Lucas thought of the last text message he received from Tavon Lynch. “No.”

“What do you think happened?”

“No idea. The police are conducting an investigation. If an arrest is made, I’ll hear about it, same as you.”

“What about their funerals?”

“They haven’t been announced. There’ve been no obits yet in the Post.”

“You gonna pay your respects?”

“No. The police will be there. Could be they’ll be shooting video footage from vans, taking still shots like they do. I’m not trying to put myself in the mix. Anyway, I barely knew those guys.”

“You don’t seem too interested.”

“And you don’t seem all that shook.”

“I’m sorry for what happened to them.”

“So am I,” said Lucas. “But I’m not getting involved in those murders.

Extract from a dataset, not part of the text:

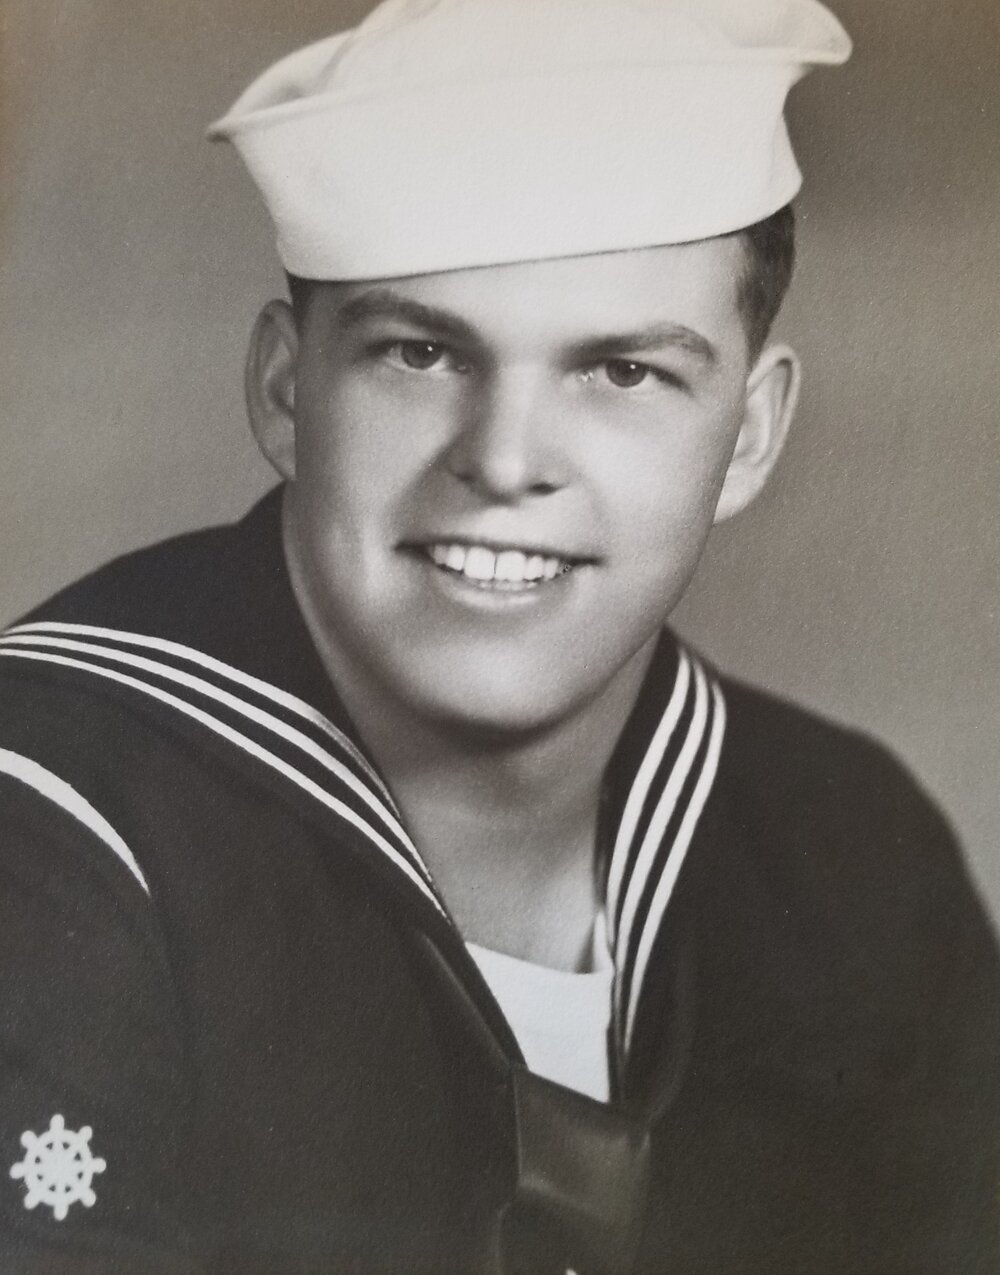  Ulysses Bauer in US Navy uniform, 1944-1946

You hired me to retrieve your property or your cash. That’s it.”

“You’re not even curious?” said Hawkins.

“Homicide police close murder cases. Private investigators never do. I took this on to make money. With this third theft, the pot just grew. I still intend to honor our agreement.”

“I guess I can’t stop you.”

“What do I do if I’m successful?”

“Take your cut,” said Hawkins. “What’s left, get it to my son’s mother.”

“Right.”

“Watch yourself out there,” said Hawkins, looking hard into Lucas’s eyes.

“I will.” Lucas cradled the phone.

Lucas was not far from Capitol Hill and Lincoln Park. He left the jail and drove west on Massachusetts Avenue, turning to explore the neighborhoods and the streets, doing the same past Lincoln Park proper, the dividing line of sorts that brought him into the eastern portion of the Hill, where the homes were noticeably nicer and the income levels rose. He was looking for a 4044 address. He assumed the text from Tavon was meant to indicate the number on the house where the second drop had been made and lost. He found nothing to match the number, and if he had, he wouldn’t have known what to do. He felt lost.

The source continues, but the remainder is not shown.